Skipping requires tools to run sequentially (the previous implementation ran them in parallel). This introduces latency when the LLM requests multiple independent tools in a single turn. In practice, most batches contain 1-2 tools, so the impact is minimal compared to the benefit of being able to stop unwanted actions.

Skipped tool result format

When steering interrupts a batch, each tool that was not executed receives a tool result with:

Content: "Skipped due to queued user message."

This is saved to the session via AddFullMessage and sent to the model, so it is aware that some requested actions were not performed.

Full flow example

1. User: "search for info on X, write a file, and send me a message"

2. LLM responds with 3 tool calls: [web_search, write_file, message]

3. web_search is executed → result saved

4. [polling] → User called Steer("no, search for Y instead")

5. write_file is skipped → "Skipped due to queued user message."
   message is skipped    → "Skipped due to queued user message."

6. Message "search for Y instead" injected into context

7. LLM receives the full updated context and responds accordingly

Automatic bus drain

When the agent loop (Run()) starts processing a message, it spawns a background goroutine that keeps consuming new inbound messages from the bus. These messages are automatically redirected into the steering queue via Steer(). This means:

  • Users on any channel (Telegram, Discord, etc.) don't need to do anything special — their messages are automatically captured as steering when the agent is busy
  • Audio messages are transcribed before being steered, so the agent receives text. If transcription fails, the original (non-transcribed) message is steered as-is
  • Only messages that resolve to the same steering scope as the active turn are redirected. Messages for other chats/sessions are requeued onto the inbound bus so they can be processed normally
  • system inbound messages are not treated as steering input
  • When processMessage finishes, the drain goroutine is canceled and normal message consumption resumes

Steering with media

Steering messages can include Media refs, just like normal inbound user messages.

  • The original media:// refs are preserved in session history via AddFullMessage
  • Before the next provider call, steering messages go through the normal media resolution pipeline
  • Image refs are converted to data URLs for multimodal providers; non-image refs are resolved the same way as standard inbound media

This applies both to in-turn steering and to idle-session continuation through Continue().

Notes

  • Steering does not interrupt a tool that is currently executing. It waits for the current tool to finish, then checks the queue.
  • With one-at-a-time mode, if multiple messages are enqueued rapidly, they will be processed one per iteration.
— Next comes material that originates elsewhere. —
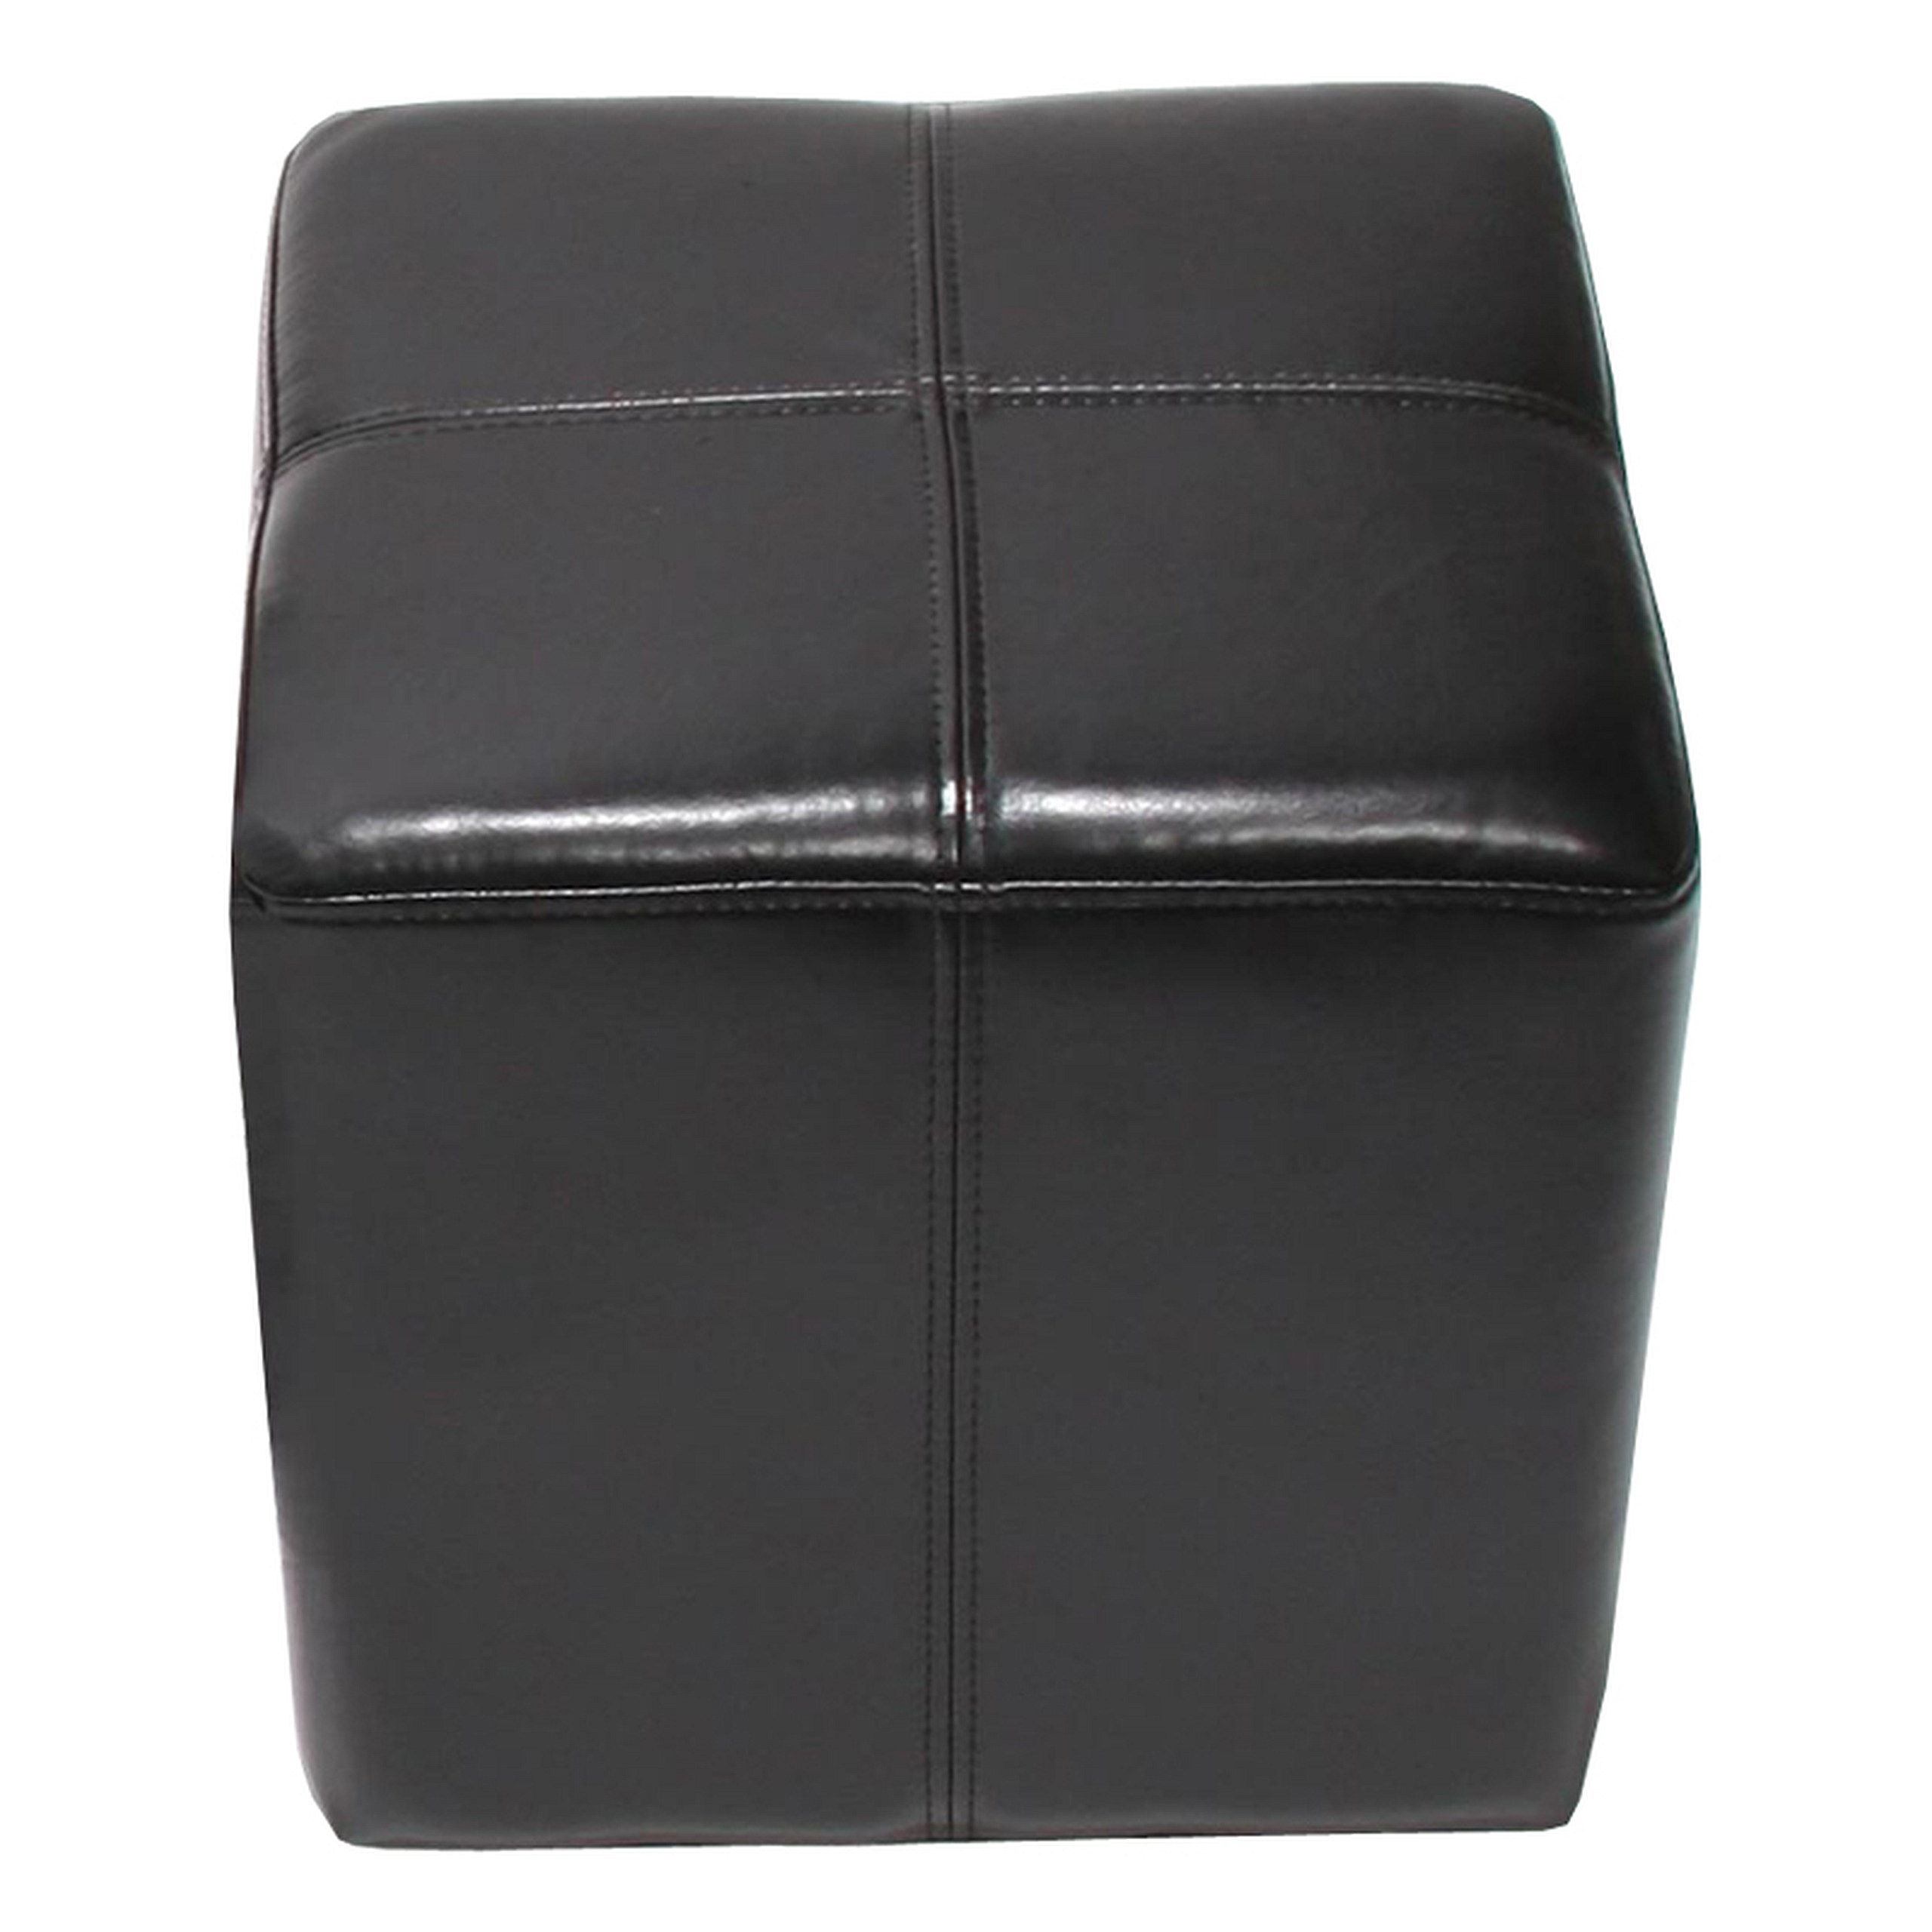 sitzw rfel hocker sitzhocker onex leder 36x36x36cm schwarz. Black Bedroom Furniture Sets. Home Design Ideas

This gives the model the opportunity to react to each message individually.
  • With all mode, all pending messages are combined into a single injection. Useful when you want the agent to receive all the context at once.
  • The steering queue has a maximum capacity of 10 messages (MaxQueueSize). Steer() returns an error when the queue is full. In the bus drain path, the error is logged as a warning and the message is effectively dropped.
  • Manual Steer() calls made outside an active turn still go to the legacy fallback queue, so older integrations keep working.